Welcome to another Casual Friday, where we chat about things other than the Seattle Seahawks.
We’re kinda straying from that rule a bit in the sense that the Seahawks are involved in the main topic, which is our football consumption. Now I could be wrong here, but I reckon every one of you who reads Field Gulls is a football fan. Some watch the NFL only, others watch all NFL and top college football religiously, some just watch Seahawks games in full (or their favorite team), and some actually sat through the entire 2001 XFL season.
I’m a massive football fan but that doesn’t mean my viewing habits have stayed the same. I used to watch a lot of college football and it’d take up a lot of my Saturdays, but as someone who works 40+ UFC shows and boxing cards per year, I have substantially reduced my college football viewership and frankly… I really just don’t care for the college brand as much anymore. I still watch it, but not with the same level of interest as I used to have.

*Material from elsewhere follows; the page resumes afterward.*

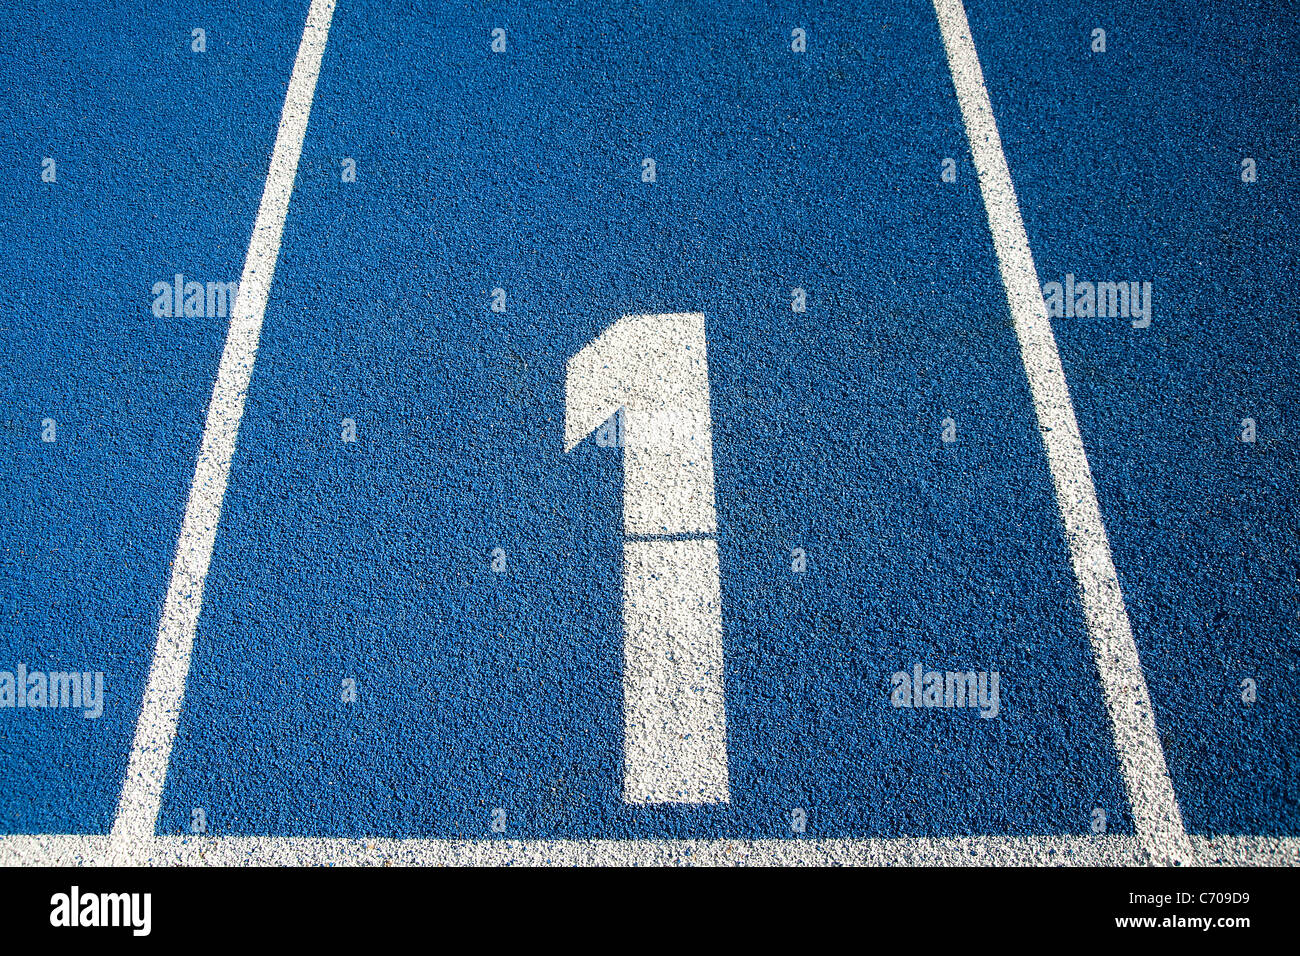 Número 1 en una pista de atletismo azul Imagen De Stock

The gap between the absolute 3-4 best schools in the country and then the next 3-4 after them is getting wider and wider, and we’re approaching the era of super-conferences where teams like UCLA will probably be playing Maryland in conference play soon.
And the pacing. College football pacing is absolutely abysmal. The college game and the pro game are both four 15-minute quarters and yet some NFL games can be done in and under three hours while every college game seems to take at least 3 1⁄2 hours without fail.
As for the NFL, it’s changed for the better. Previously I would watch whatever is airing in my market in addition to Seahawks games, as well as pretty much every primetime offering. Of course, NFL RedZone is one of the greatest television channel inventions in history and that has replaced all of my non-Seahawks viewing on Sundays. It was a life-saver in those years I lived in New York and options were limited to Jets and Giants games, which in itself should prompt New Yorkers to demand free subs to NFL RedZone.
What’s changed for both the NFL and college football for me are the pre-game and highlights shows. YouTube’s existence makes watching traditional highlight shows on television pretty much obsolete, and I’ve long quit watching the pre-game coverage, which is increasingly bloated and banal and features too many people talking. Nostalgically, Chris Berman and Tom Jackson on ESPN NFL Primetime as the bridge from the 1 PM kickoffs to Sunday Night Football is my all-time favorite memory of watching NFL highlights. Inside the NFL on HBO also ruled, and Showtime’s version of it just doesn’t hit the same.
What about yourselves? Discuss away.